┌────────
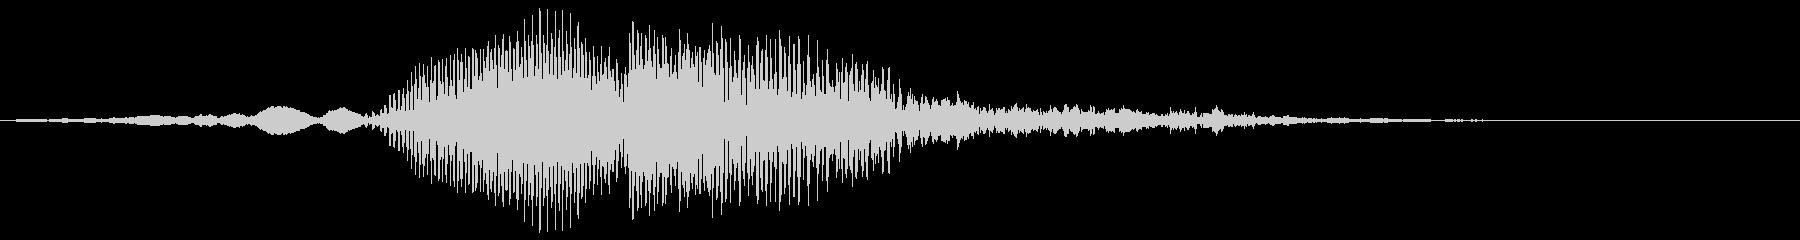 カラス 1回鳴きの未再生の波形
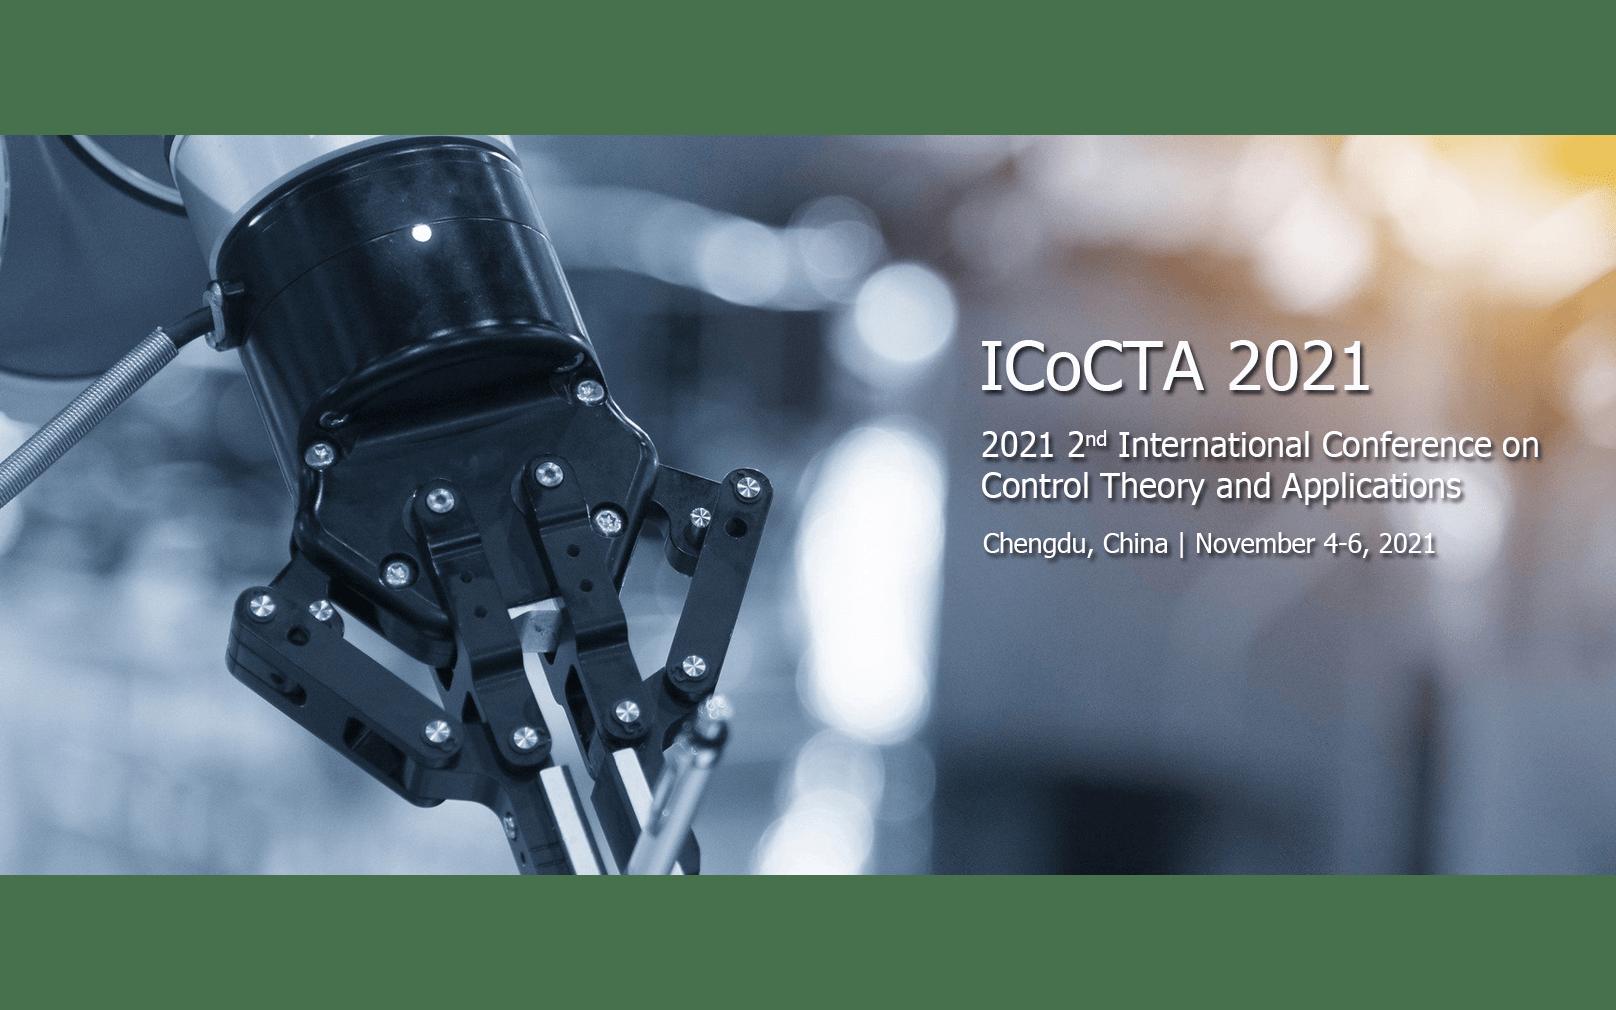 2021年第二届控制理论与应用国际会议(ICoCTA 2021)EI检索
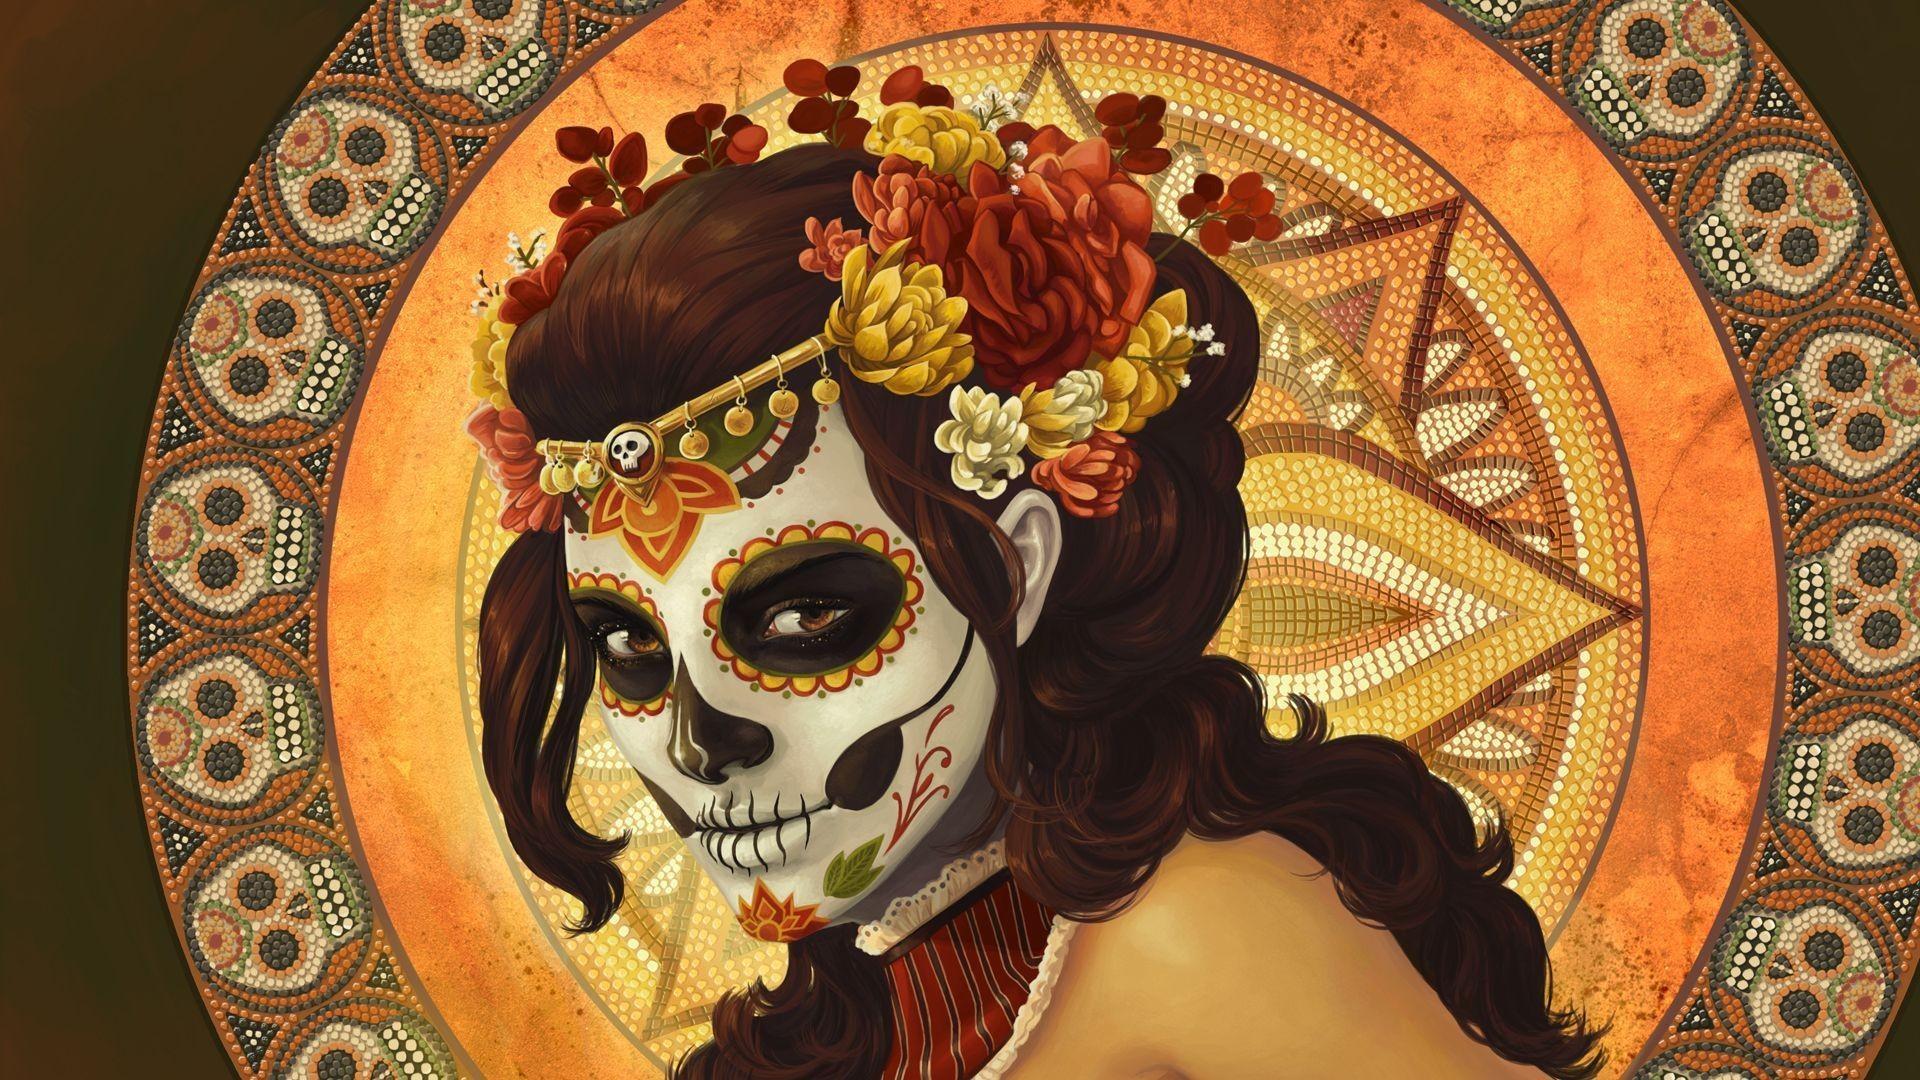 Girl With Skull Mask – Wallpaper #32904
└────────
What is being asked - Transcribe the listing above verbatim. Omit the pictures.

Solution to this task -
 カラス 1回鳴きの未再生の波形
 2021年第二届控制理论与应用国际会议(ICoCTA 2021)EI检索
 Girl With Skull Mask – Wallpaper #32904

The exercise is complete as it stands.